Hand back the rule in this shape — not a bare YAML block. These are the five headers from `references/output-template.md`; read that file for the full template before finalizing.

- **Goal** — what code pattern this finds or rewrites.
- **Rule** — the `.yml` (id, language, rule, message, severity).
- **Fix, if applicable** — the added `fix:` line.
- **Validation** — positive fixture (should match), negative fixture (should NOT match), the exact command run (`ast-grep scan --rule <file>` or `-r <file> src/`), and the result.
- **Notes** — false positives avoided (how), and known limits (cases intentionally not covered).

## Detailed References

**Complete syntax guide**: See [references/rule-syntax.md](references/rule-syntax.md)
- Atomic rules (pattern, kind, regex, nthChild, range)
- Composite rules (all, any, not, matches)
- Relational rules (has, inside, follows, precedes)
- Transform and fixConfig

**Language-specific patterns**: See [references/common-patterns.md](references/common-patterns.md)
- JavaScript/TypeScript examples
- Python examples
- Go and Rust examples

**Output template**: See [references/output-template.md](references/output-template.md) — the full, copy-pasteable version of the Deliverable Shape above (positive/negative fixtures, exact validation command, known-limits field).

## Supported Languages

Bash, C, Cpp, CSharp, Css, Elixir, Go, Haskell, Hcl, Html, Java, JavaScript, Json, Kotlin, Lua, Nix, Php, Python, Ruby, Rust, Scala, Solidity, Swift, Tsx, TypeScript, Yaml

## Use a Different Skill When

ast-grep is the right hammer only for structural, AST-level pattern matching plus mechanical rewrite across many files.

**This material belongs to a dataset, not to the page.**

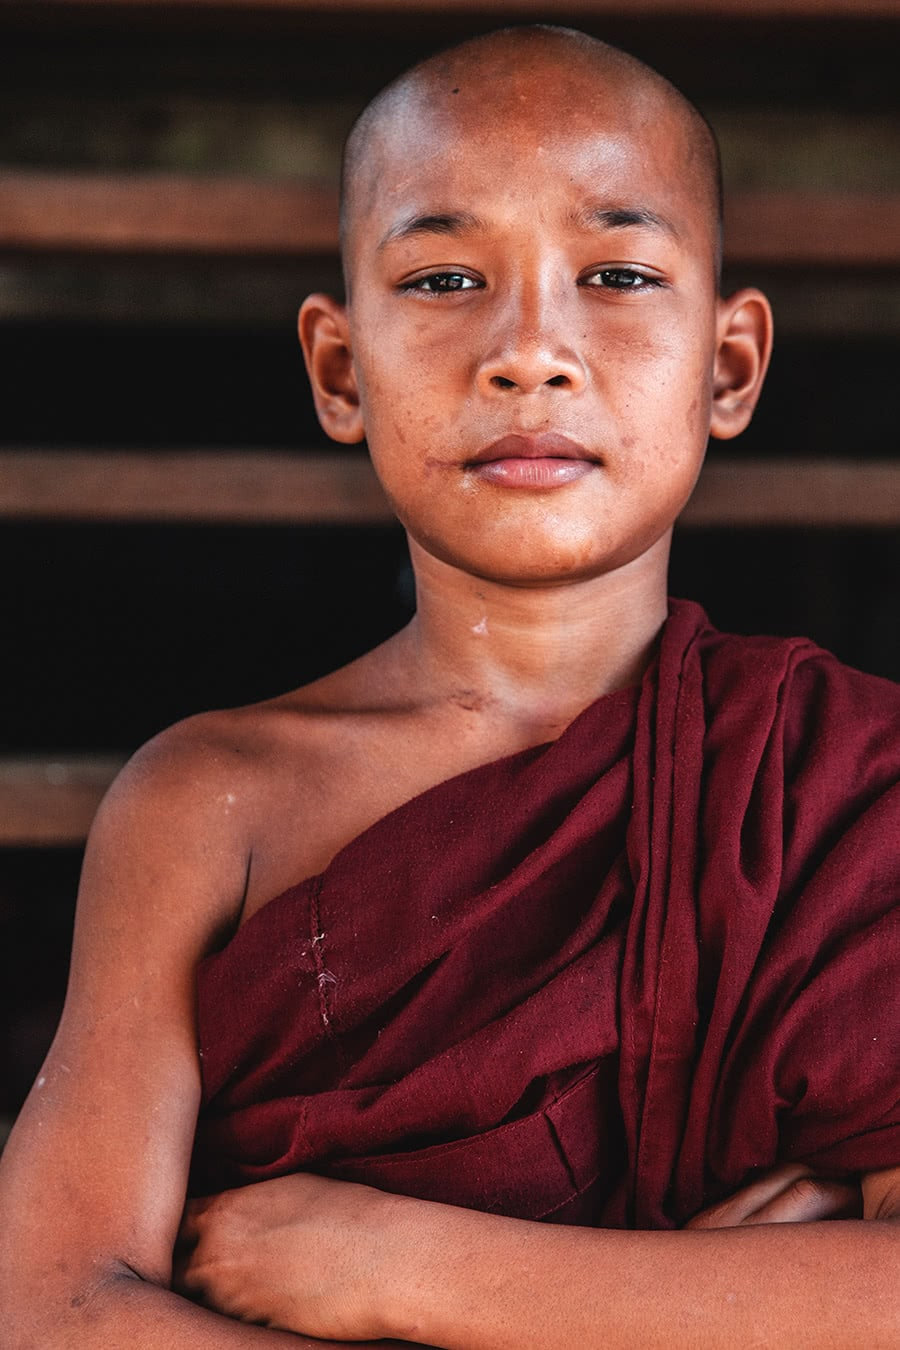 Novice monk on a remote island in the Mergui Archipelago, Myanmar.
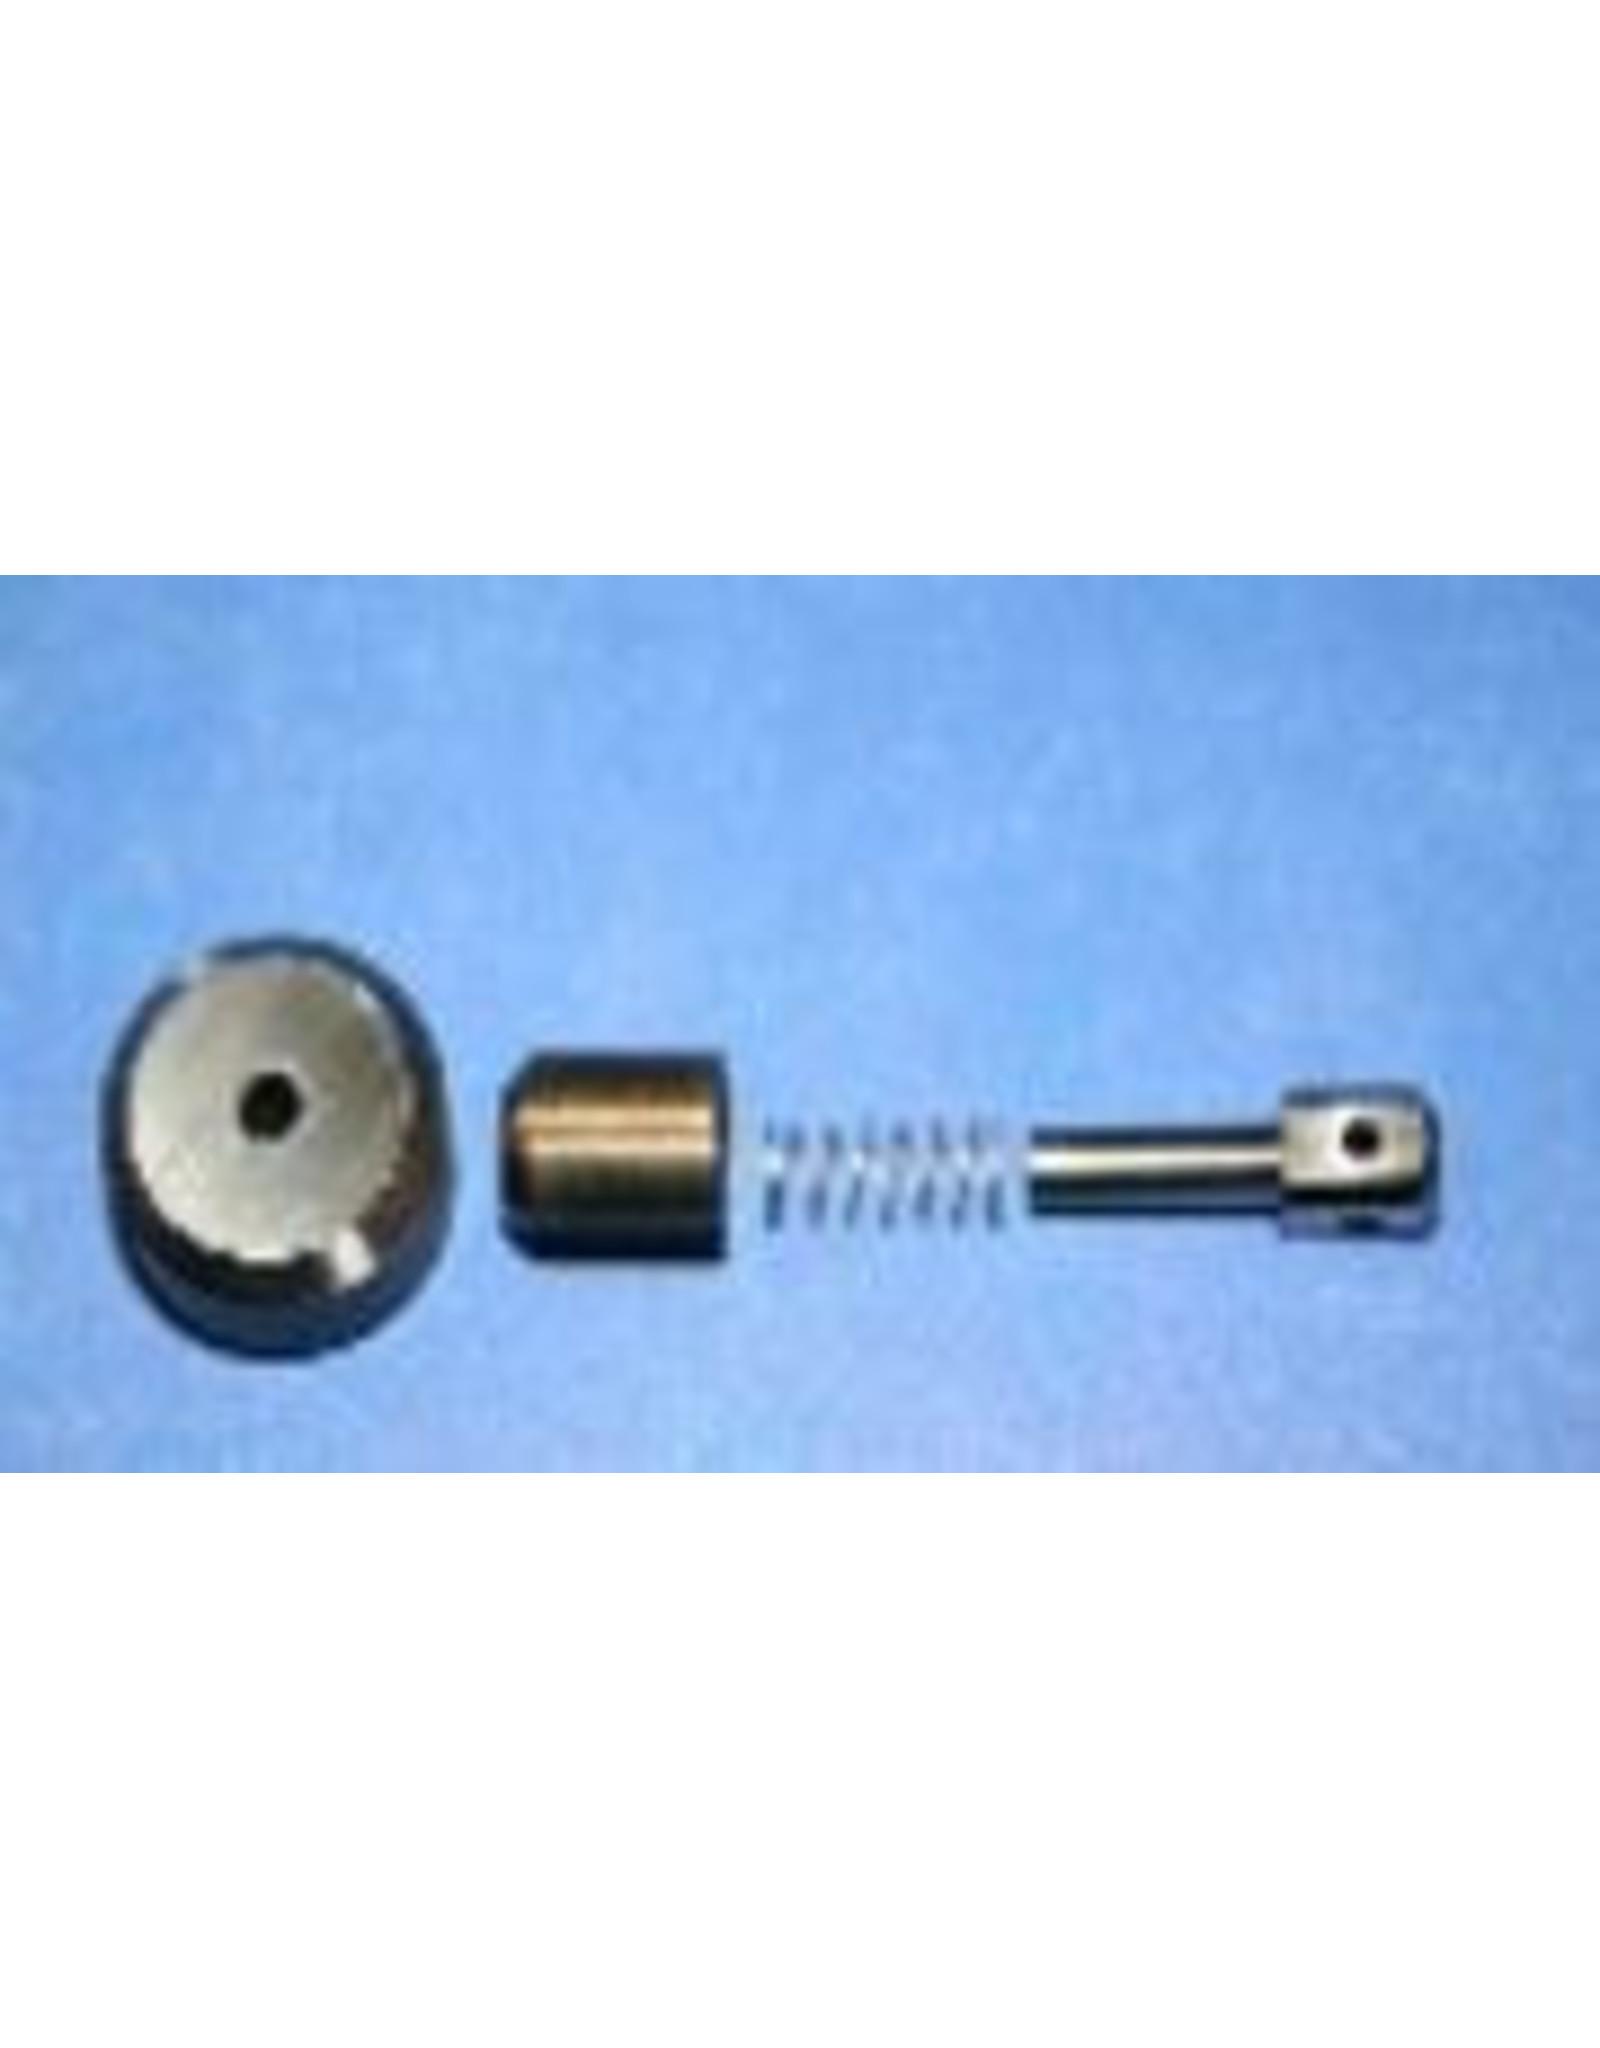 KMT Style Repair Kit, Check Valve (Seal Head), Flat Poppets

Route elsewhere when:

- **Plain text or regex find-and-replace** with no syntax-tree shape (rename a string literal, swap a URL) — just do a normal edit / `sed`; an AST rule is overkill.
- **One-off edit in a single file** — edit it directly; a rule only pays off across many call sites.
- **Type-aware or semantic refactor** (driven by what a value's type is, not its syntax — e.g. eliminate `any`) — use `ts-type-safety-reviewer`. ast-grep matches syntax, not types.
- **Subjective code-quality review** ("is this clean / well-named / over-engineered", code smells) — use `clean-code-reviewer`; for a behavior-preserving cleanup pass use `code-simplifier`.
- **Pure formatting / whitespace / import order** — that is a formatter's job (Prettier, Biome, gofmt), not a structural rule.